Set down the data again exactly. Pictures are not part of the copy.

### Raw data
********************

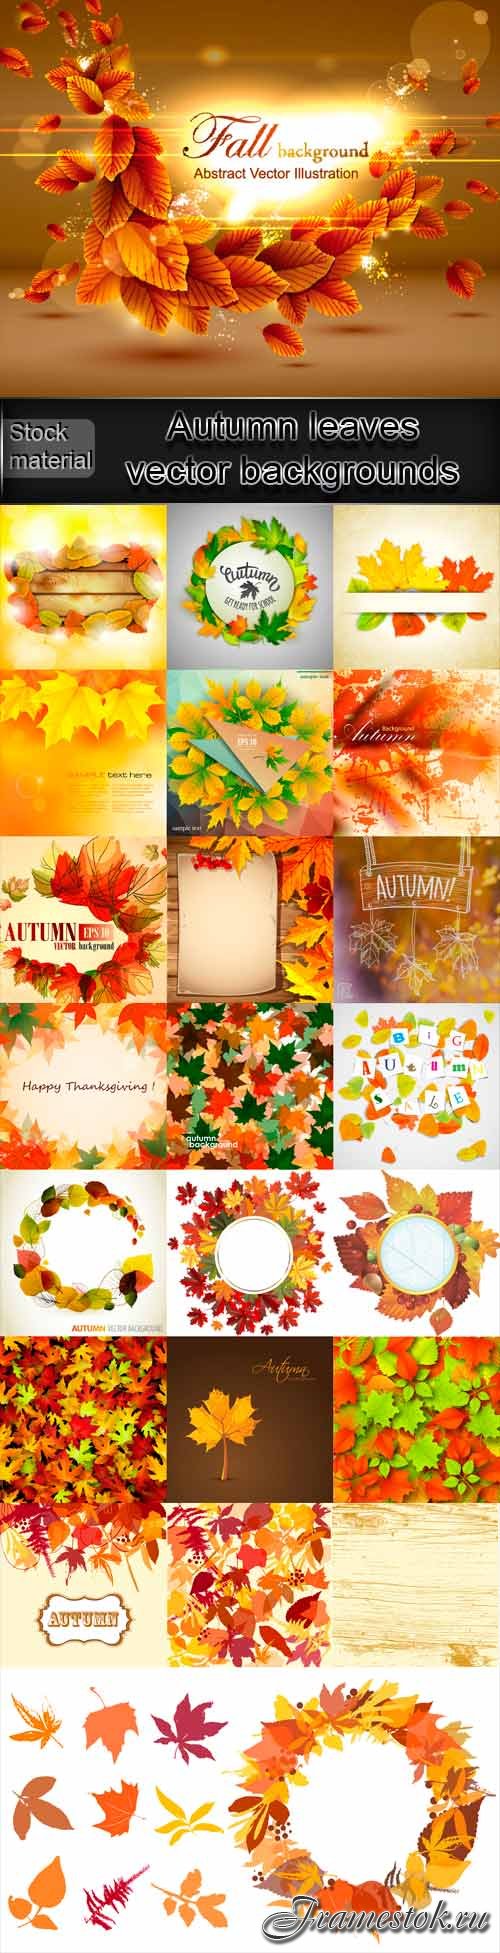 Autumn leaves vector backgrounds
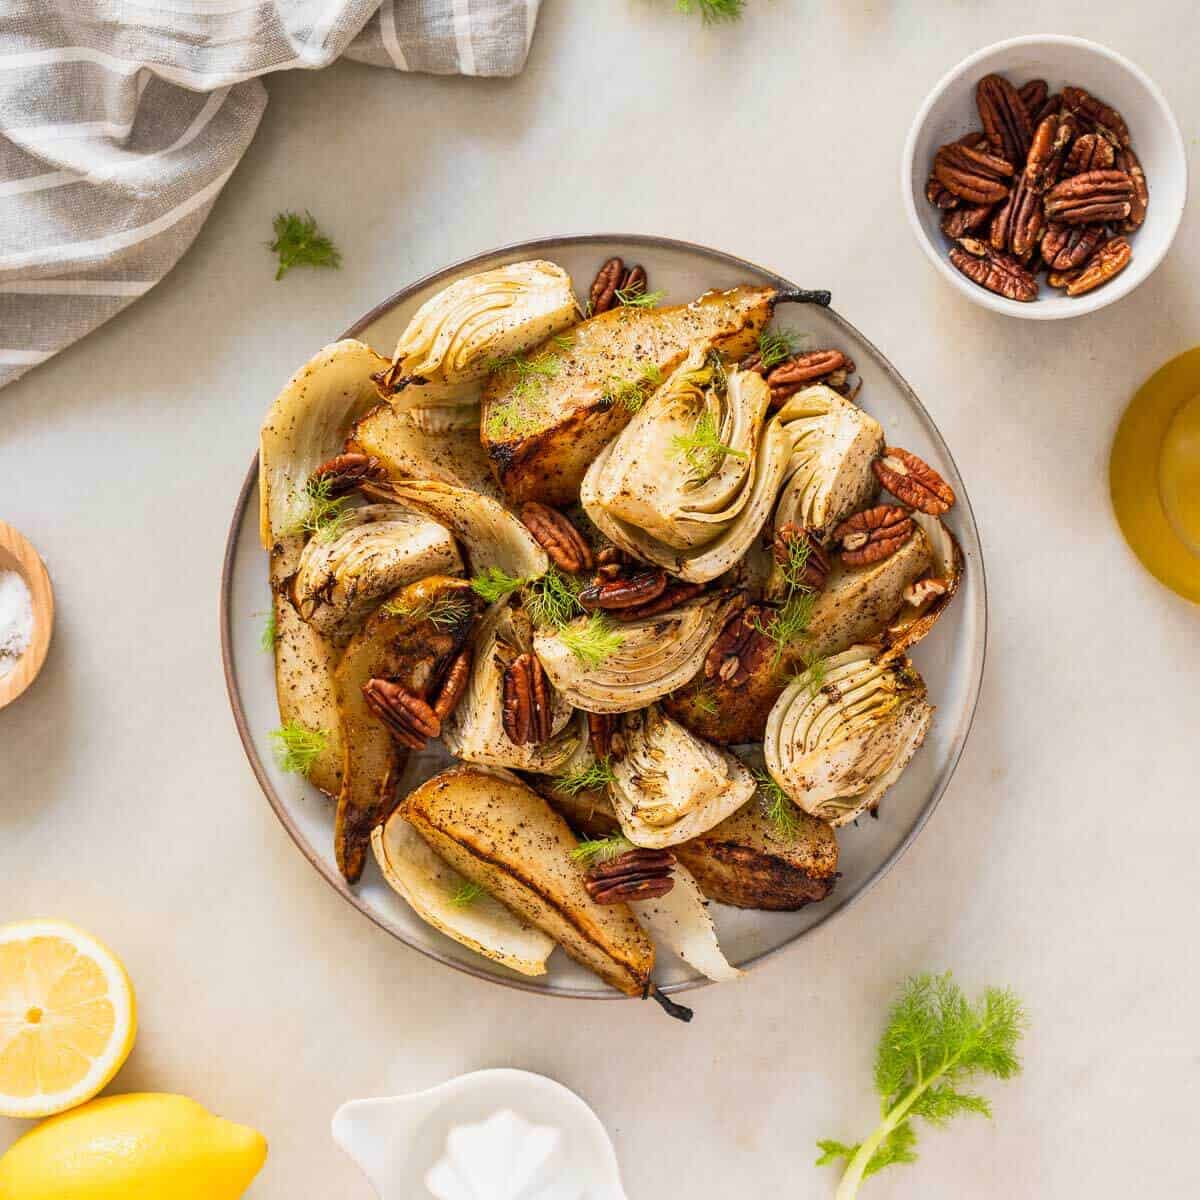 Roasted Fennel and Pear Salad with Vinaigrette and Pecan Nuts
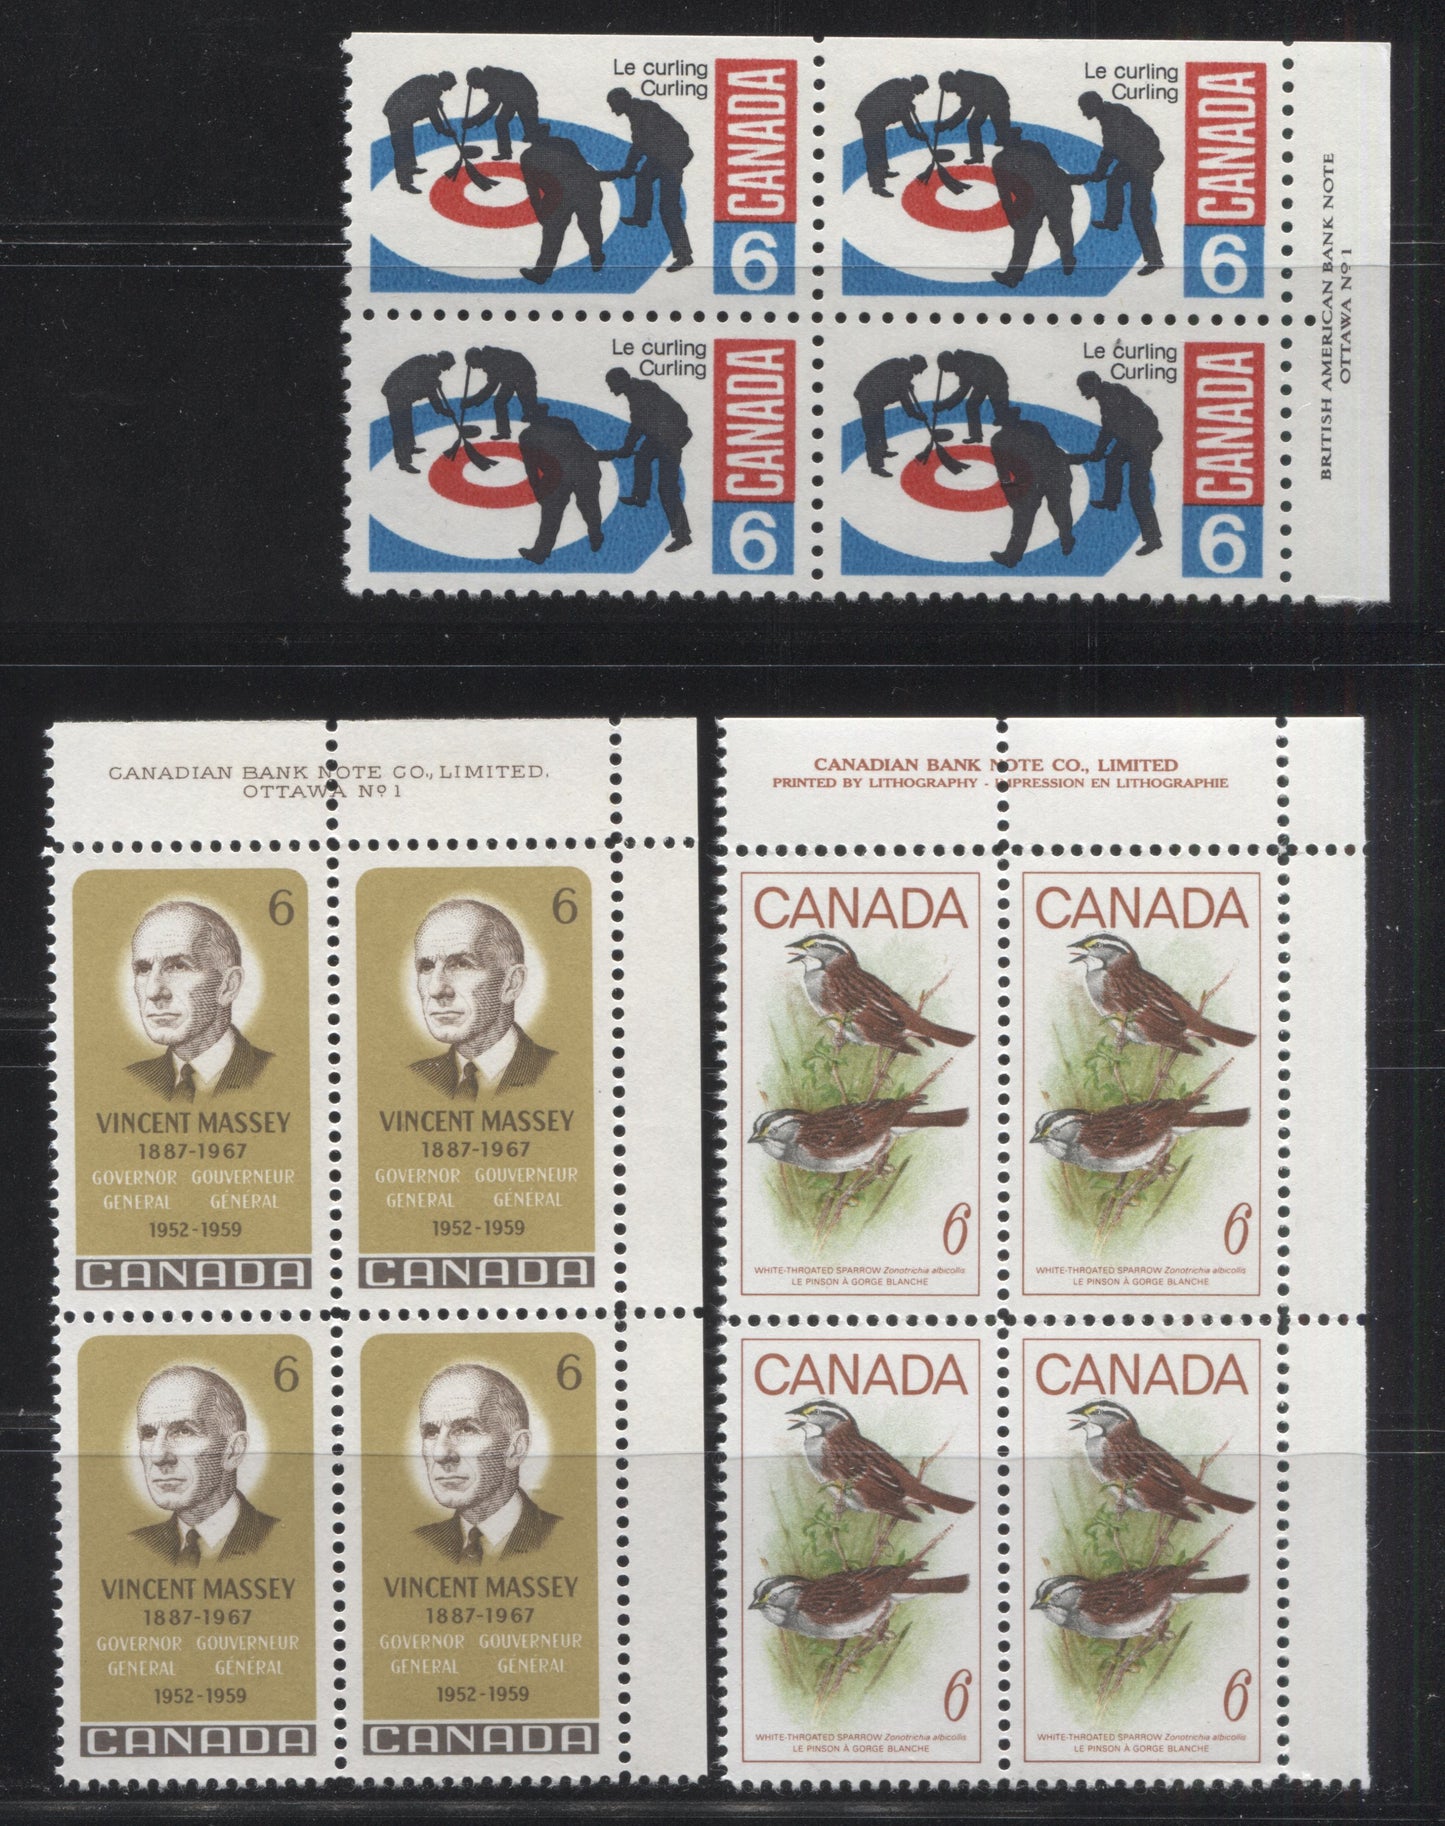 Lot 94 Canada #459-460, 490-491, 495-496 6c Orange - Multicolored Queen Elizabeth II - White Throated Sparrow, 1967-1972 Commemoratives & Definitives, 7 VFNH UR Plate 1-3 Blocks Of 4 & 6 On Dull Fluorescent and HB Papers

********************

### Answer for this exercise
 Autumn leaves vector backgrounds
 Roasted Fennel and Pear Salad with Vinaigrette and Pecan Nuts
 Lot 94 Canada #459-460, 490-491, 495-496 6c Orange - Multicolored Queen Elizabeth II - White Throated Sparrow, 1967-1972 Commemoratives & Definitives, 7 VFNH UR Plate 1-3 Blocks Of 4 & 6 On Dull Fluorescent and HB Papers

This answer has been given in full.